The interface is responsive and should work well on mobile devices. It also has the prerequisite manifest/icon file, so it can be added to the home screen if desired.
The interface has been configured with create-react-app and react-app-rewired so the build can customized for the target device. The large artefacts are gzipped and source maps and service worker are excluded from the production build.
You will find the interface code in the ./interface directory. Change to this directory with your bash shell (or Git Bash) and use the standard commands you would with any react app built with create-react-app:
**NB: The build command will also delete the previously built interface (the ./data/www directory) and replace it with the freshly built one, ready for upload to the device.**
The endpoint root path can be found in Endpoint.js (./interface/src/constants/).
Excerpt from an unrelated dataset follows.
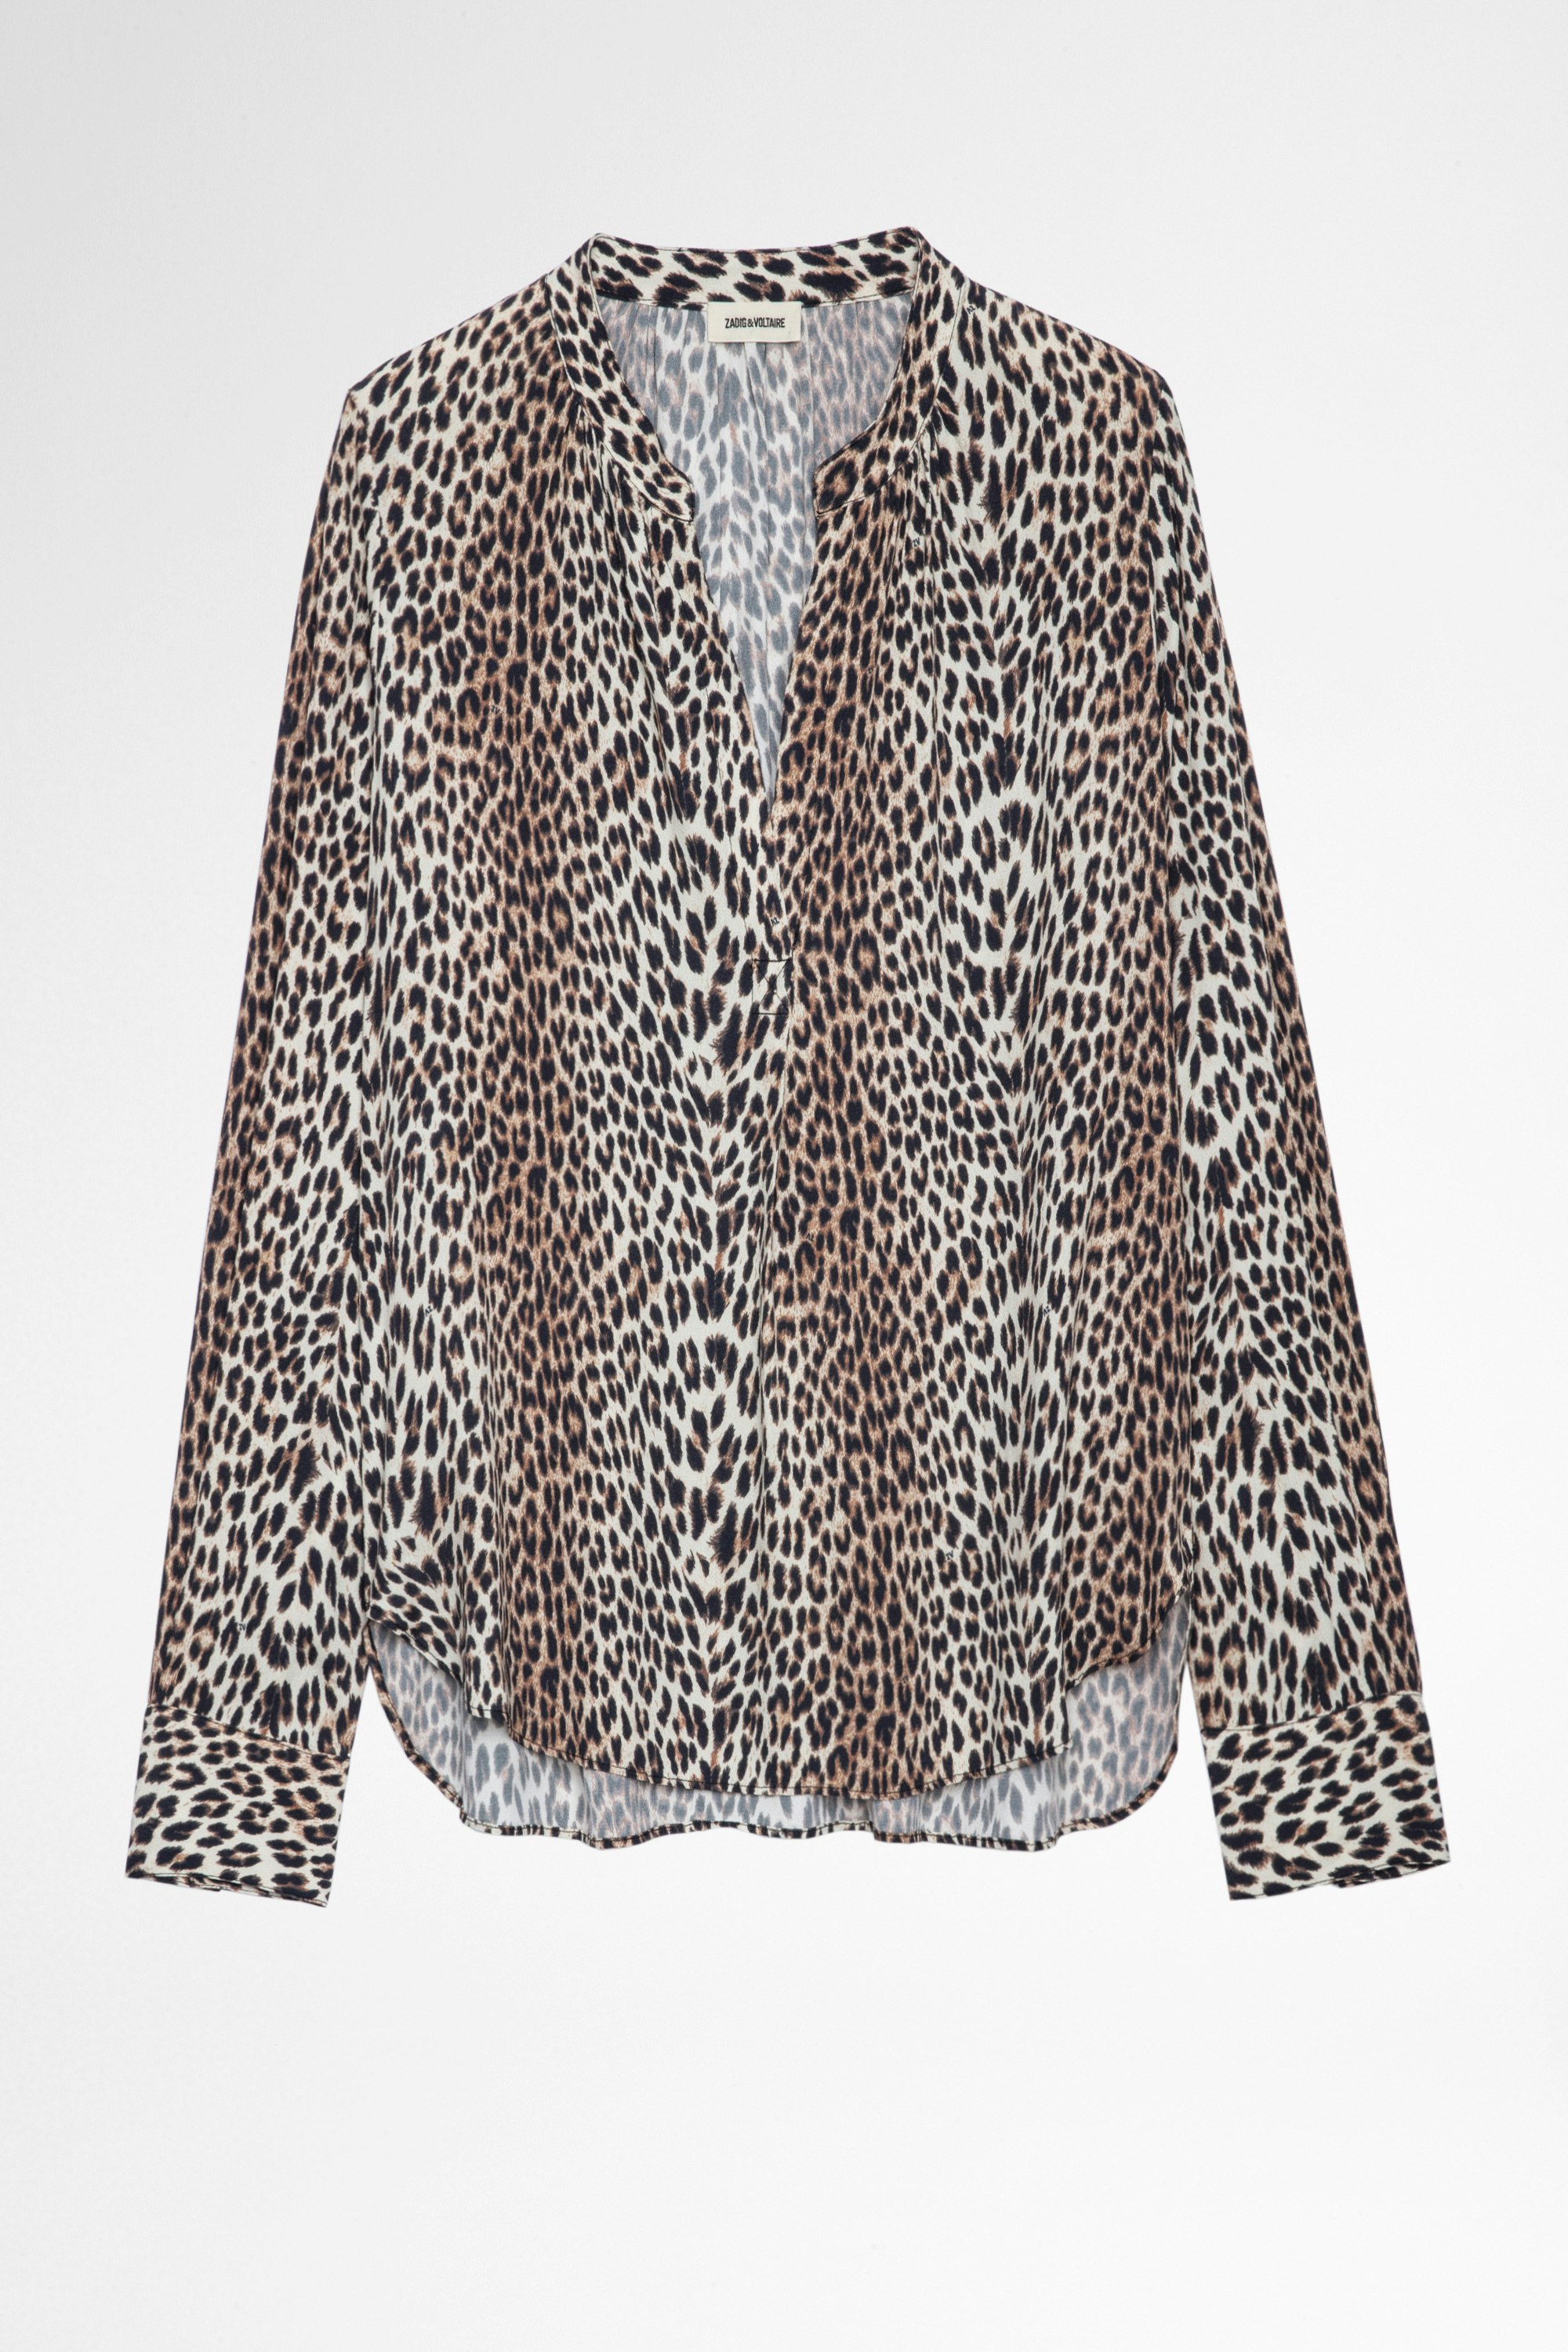 Blouse Tink Leopard Blouse imprimée léopard Femme
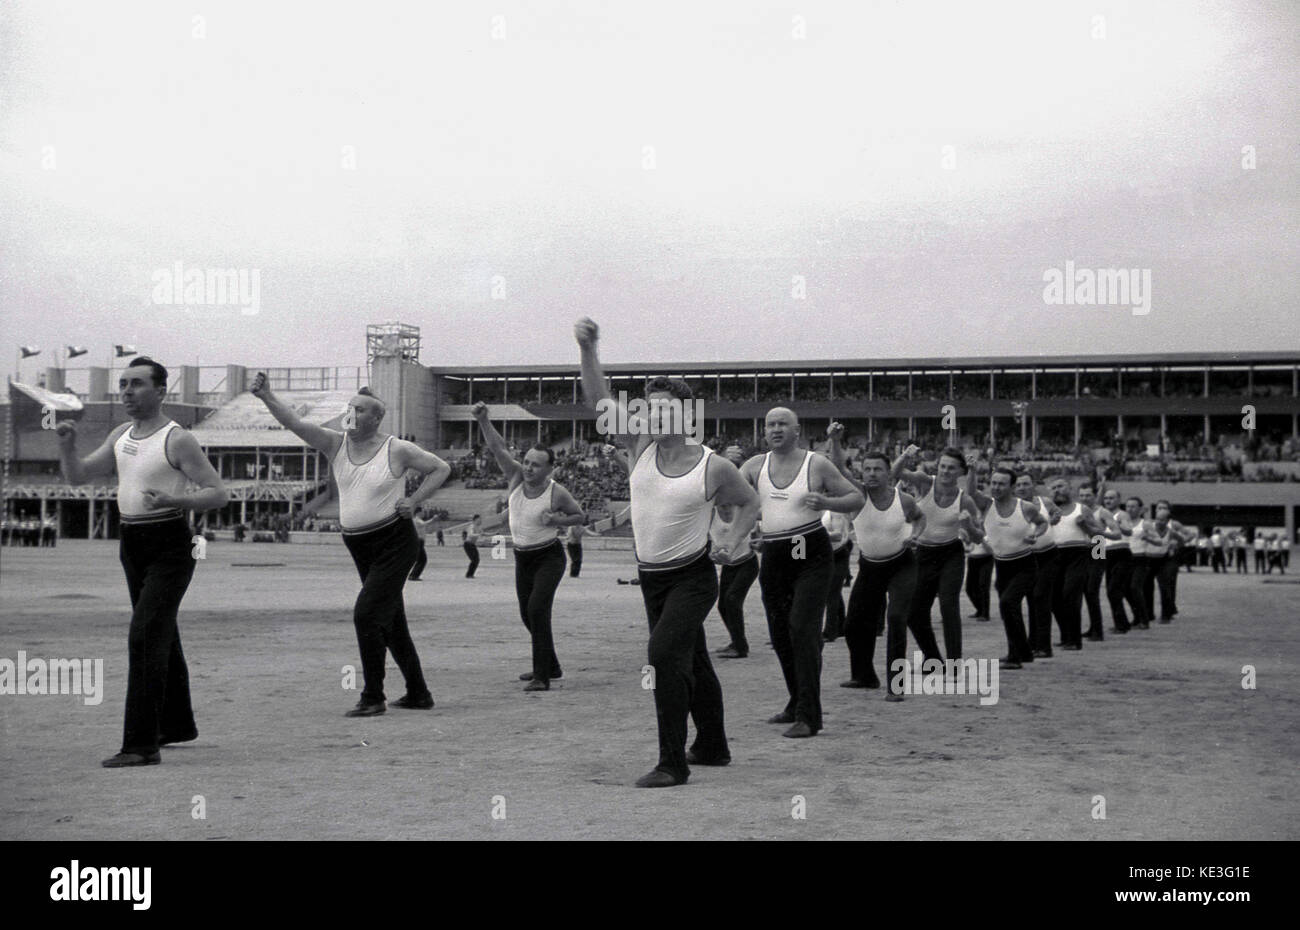 1938. histórico, el deporte, los varones participantes en el inmenso estadio de Strahov, en Praga, Checoslovaquia, tomando parte en el festival internacional Pan-Sokol Slet. Foto de stock

This needs to be the root URL of the device running the back end, for example "http://192.168.0.6".
CORS can be enabled on the back end by uncommenting the -D ENABLE_CORS build flag in platformio.ini and re-deploying.
Standard configuration settings, such as build flags, libraries and device configuration can be found in platformio.ini. See the [PlatformIO docs](http://docs.platformio.org/en/latest/projectconf.html) for full details on what you can do with this.
By default, the target device is "esp12e". This is a common ESP8266 variant with 4mb of flash though any device with at least 2mb of flash should be fine. The settings configure the interface to upload via serial by default, you can change the upload mechanism to OTA by uncommenting the relevant lines.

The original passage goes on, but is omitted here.